Yeung also said his bureau had been discussing with schools ways to improve the city’s homework policies, with a focus on making assignments more diverse and interesting.

Secretary for Education Kevin Yeung has called for less homework during Lunar New Year. Photo: Edward Wong
Secretary for Education Kevin Yeung has called for less homework during Lunar New Year. Photo: Edward Wong

With an increasingly competitiveeducation system, homework is a contentious issue in Hong Kong, with some parents and children complaining of spending more than 2½ hours on homework each day.

Reverend Peter Koon Ho-ming, provincial secretary general of the Sheng Kung Hui, the Anglican Church in Hong Kong and Macau, said the church had advised its schools to reduce homework for the Lunar New Year period, and to avoid assignments that are based on drilling – or a rote learning approach that relies heavily on memorisation.

The guidelines were issued in view of parents’ growing unease on the amount homework being given to their children, he said.

The Education Bureau is still deciding whether to continue the unpopular Basic Competency Assessment (BCA) as it was awaiting a government-appointed committee reviewing the test to submit its report, Yeung said, adding that he believed the bureau would reach a decision by next month.

A decision on whether Hong Kong will continue the unpopular Basic Competency Assessment is expected in March. Photo: SCMP
A decision on whether Hong Kong will continue the unpopular Basic Competency Assessment is expected in March. Photo: SCMP

The test is widely regarded as a rebranded version of the Primary Three Territory-wide System Assessment, which became notoriously associated with teachers drilling pupils amid a widespread belief that the bureau uses data to rank schools.

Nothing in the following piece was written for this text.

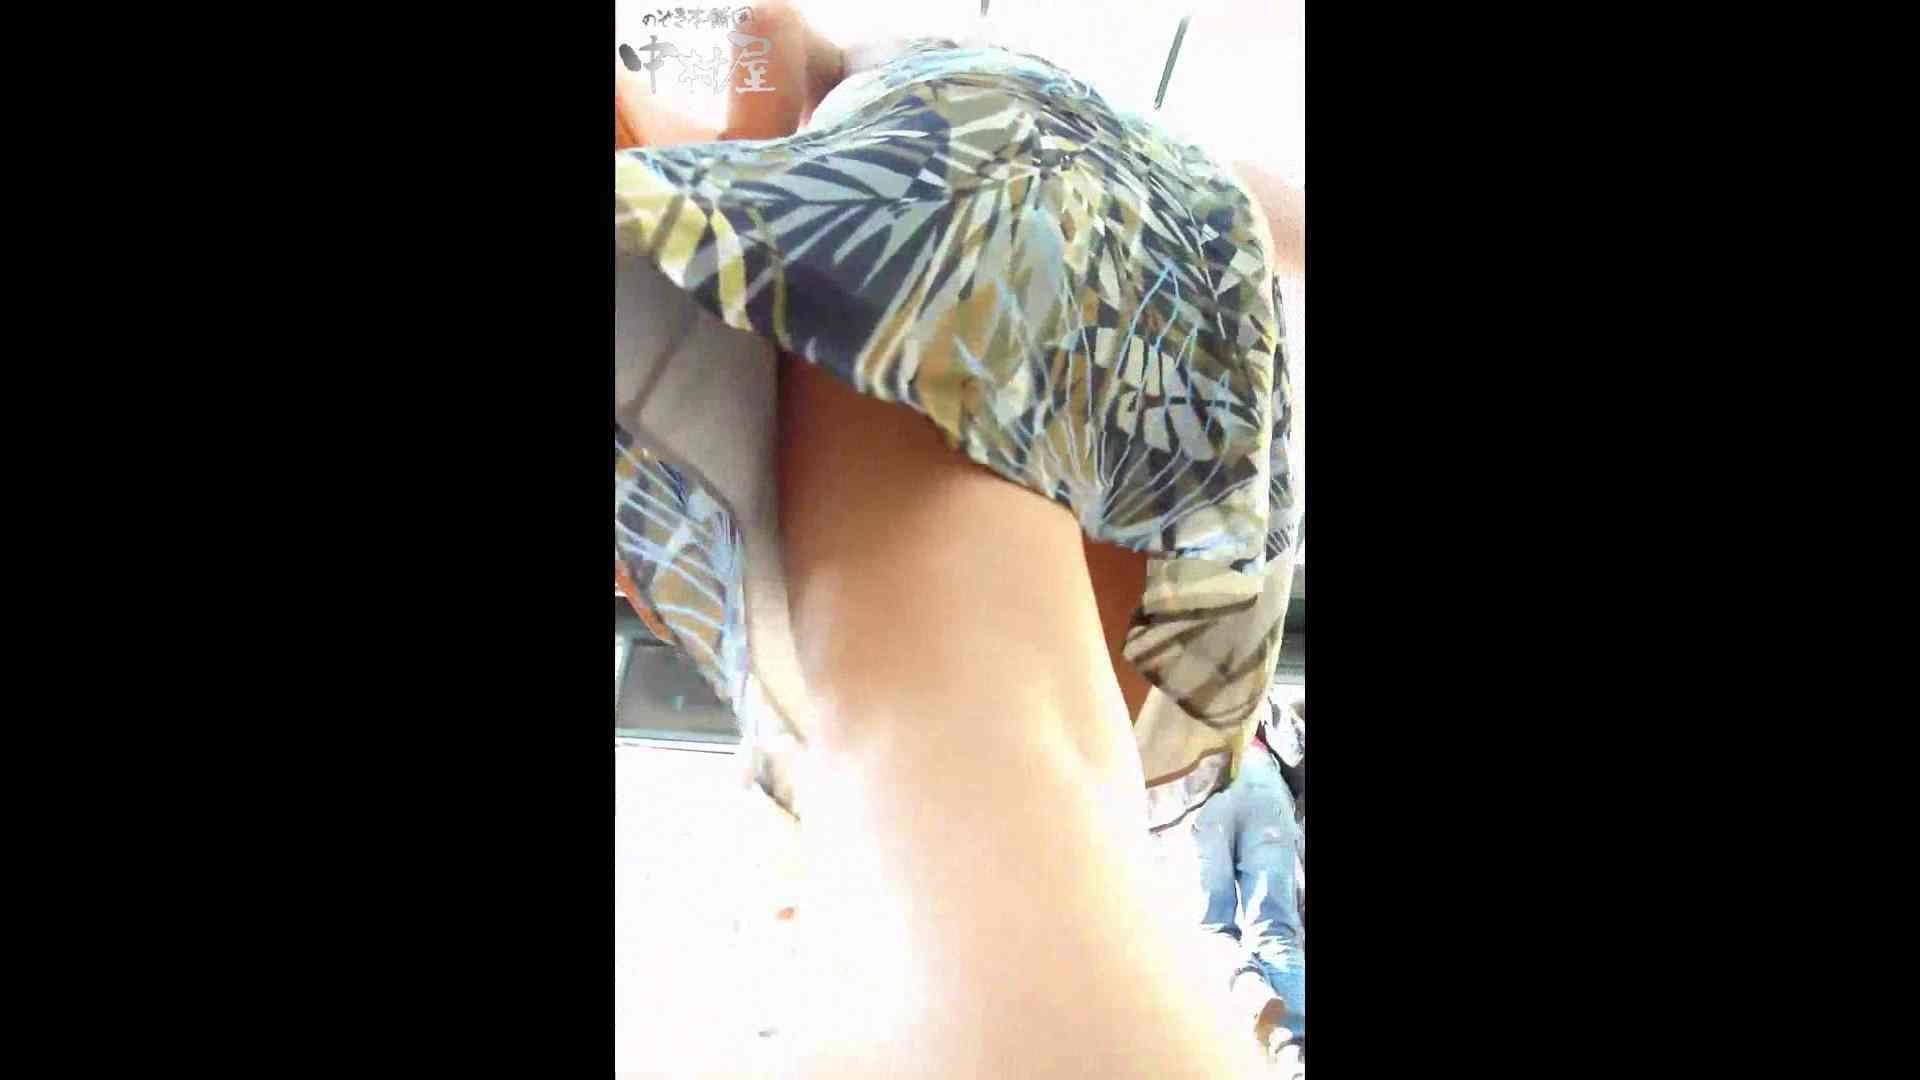 綺麗なモデルさんのスカート捲っちゃおう‼ vol16 OLセックス  100画像 26

The bureau has repeatedly denied such claims.

Amid calls for the assessment to be scrapped, the test was suspended for all but around 50 schools in 2016, which took a revamped version that was shorter and easier. All public primary schools then took the new test in 2017, but parents and educators have said the motivation to drill still existed.

The education secretary previously said the committee would submit recommendations to the bureau by early January this year. Yeung explained the delay was because of committee members spending more time gathering feedback to be more comprehensive in their recommendations.

He also said that regardless of the decision, he hoped the public would face it in “a calm and peaceful manner”.

The committee will next meet on February 14, and should the BCA continue this year, the written assessment would be held on June 12 and 13.